Another notable result is the weak, positive correlation between dwell time and response accuracy, indicating that eye-gaze behaviors could contribute to task performance. Thus, dwell time might also offer modest and continuous indication of operator engagement with system operations.

The overall empirical results indicated that dwell time could be an effective alternative to NASA TLX as a workload indicator in the context of monitoring parameters prescribed by procedures. Dwell time can be collected in a less invasive manner than NASA TLX while providing continuous indication of workload and engagement. That is, NASA TLX requires interruption of the work tasks whereas the remote eye-tracker can continuously estimate dwell time without any interference. NASA TLX might simply reflect operator initial and final impression of the given task as opposed to their level of cognitive processing as they perform the given task. Once again, the generalization of the study results is limited to task load driven by number of targets.

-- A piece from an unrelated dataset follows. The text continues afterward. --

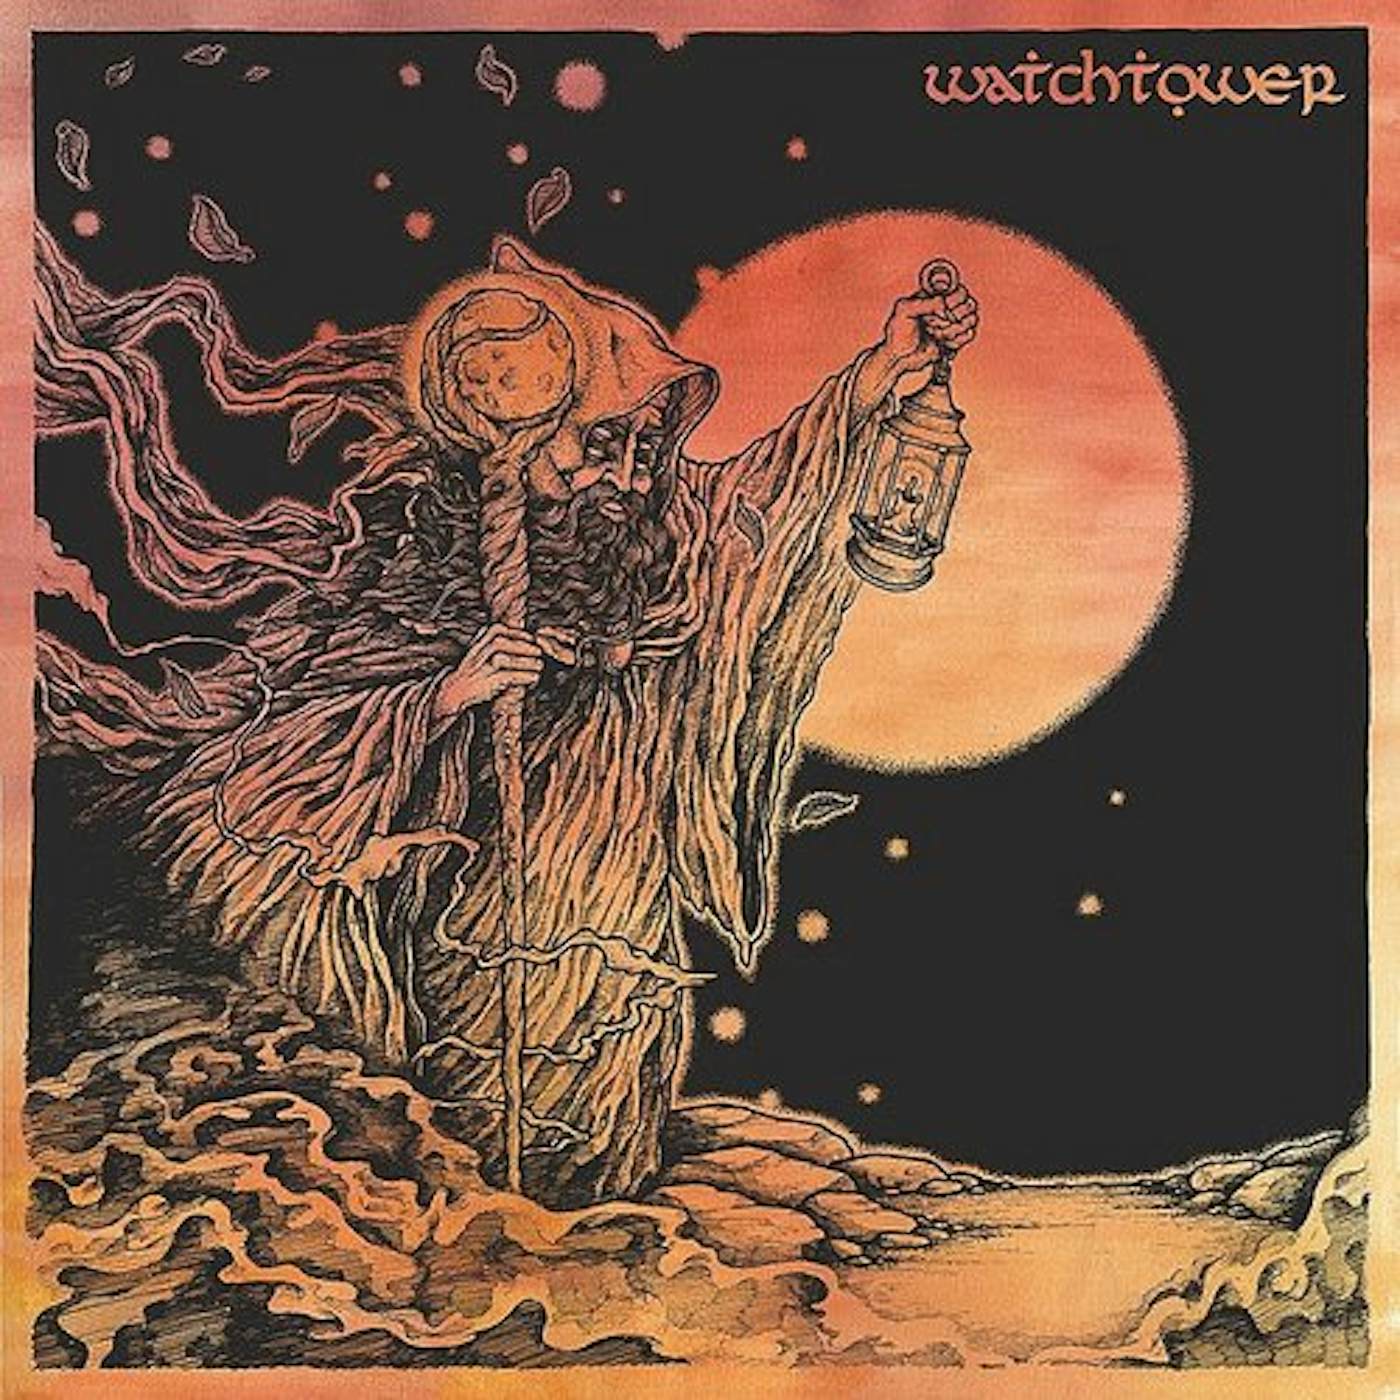 Watchtower RADIANT MOON (WHITE WITH PINK SPLATTER) Vinyl Record

This research represents the early effort to integrate the concept of adaptive automation into CPs. The results of this experiment highlight the potential of various eye-gaze measures as a continuous indicator of workload to support adaptive features in CPs for control room operators monitoring process plants. Valid and reliable eye-gaze metrics of workload can support continuous, unobtrusive assessment of workload as well as adaptive aiding for display design in the main control room. Future work can examine the use of regression-based machine learning methods on multiple eye-gaze measures to indicate workload while monitoring process plants (see [43]).